- Bezileh Location within Iran
- Coordinates: 36°10′45″N 45°30′08″E﻿ / ﻿36.17917°N 45.50222°E
- Country: Iran
- Province: West Azerbaijan
- County: Sardasht
- District: Rabat
- Rural District: Gavork-e Sardasht

Population (2016)
- • Total: 139
- Time zone: UTC+3:30 (IRST)

= Bezileh =

Village in West Azerbaijan province, Iran

Bezileh (بزيله) (Note: Also romanized as Bezīleh) is a village in Gavork-e Sardasht Rural District of Rabat District in Sardasht County, West Azerbaijan province, Iran.

==Demographics==
===Population===
At the time of the 2006 National Census, the village's population was 118 in 24 households, when it was in Melkari Rural District (Note: Renamed Melkari-ye Gharbi Rural District) of Vazineh District. (Note: Renamed the Central District of Mirabad County) The following census in 2011 counted 110 people in 26 households. The 2016 census measured the population of the village as 139 people in 37 households.

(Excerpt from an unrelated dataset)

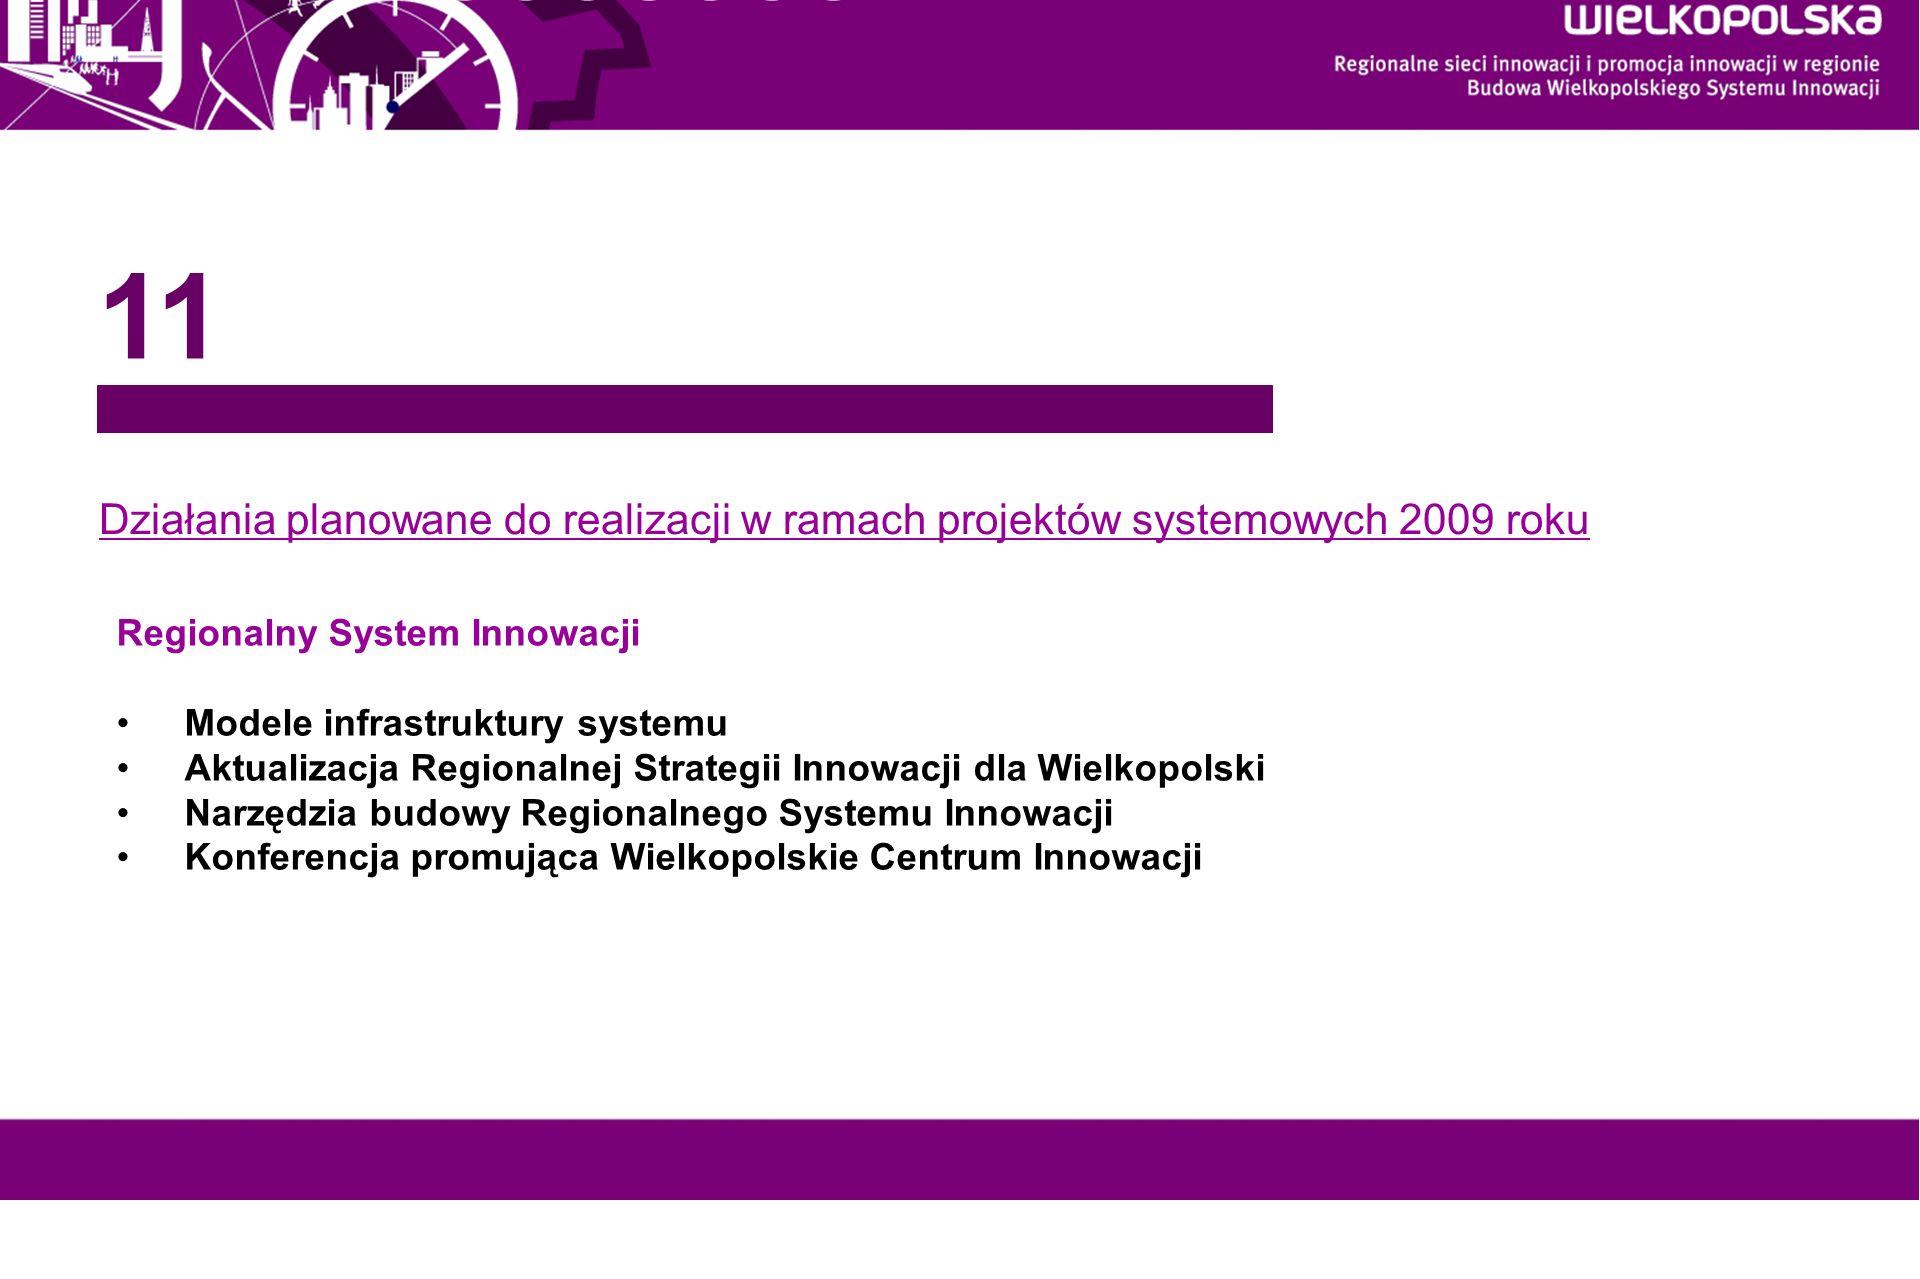 11Działania planowane do realizacji w ramach projektów systemowych 2009 roku. Regionalny System Innowacji.
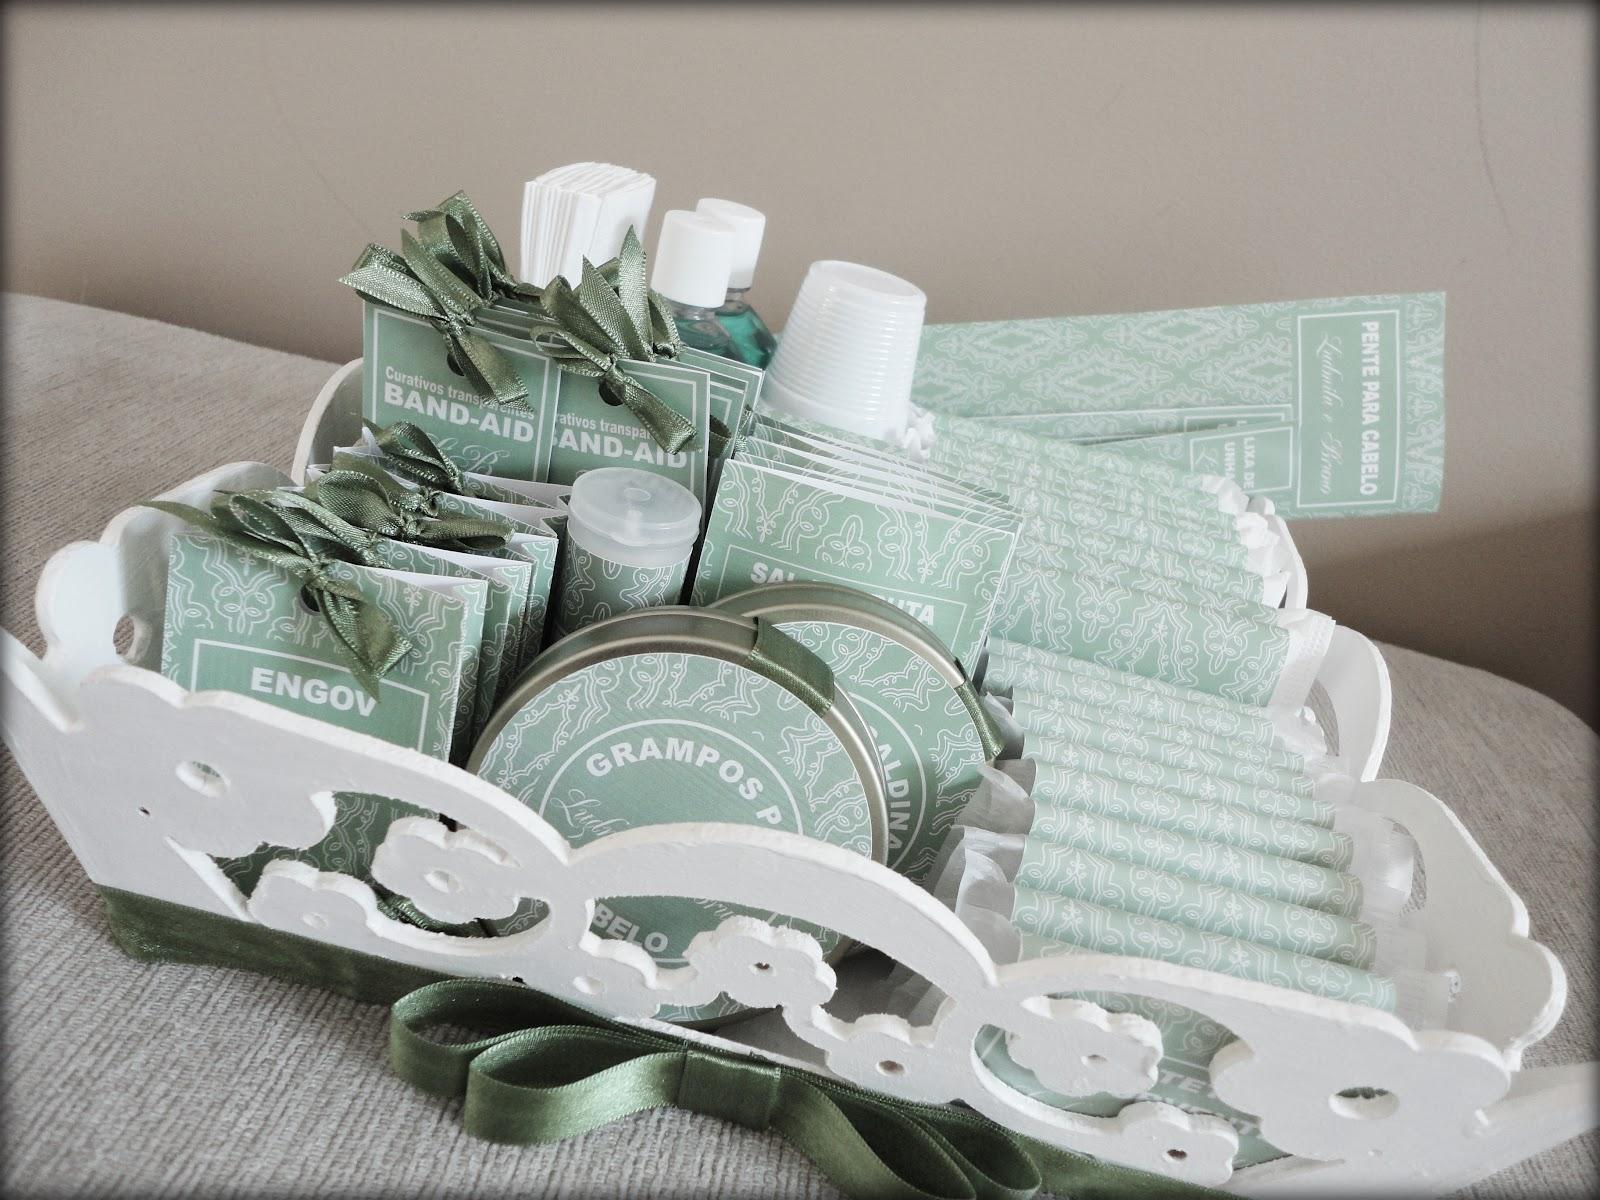 Kit Toalete Casamento Brasilia : Casamento kit toalete ladies

In 2020, Gavork-e Sardasht Rural District was separated from the Central District in the formation of Rabat District and Bezileh was transferred to the rural district. In 2022, Vazineh District was separated from the county in the establishment of Mirabad County and renamed the Central District. Melkari Rural District was transferred to the new Zab District and renamed Melkari-ye Gharbi Rural District.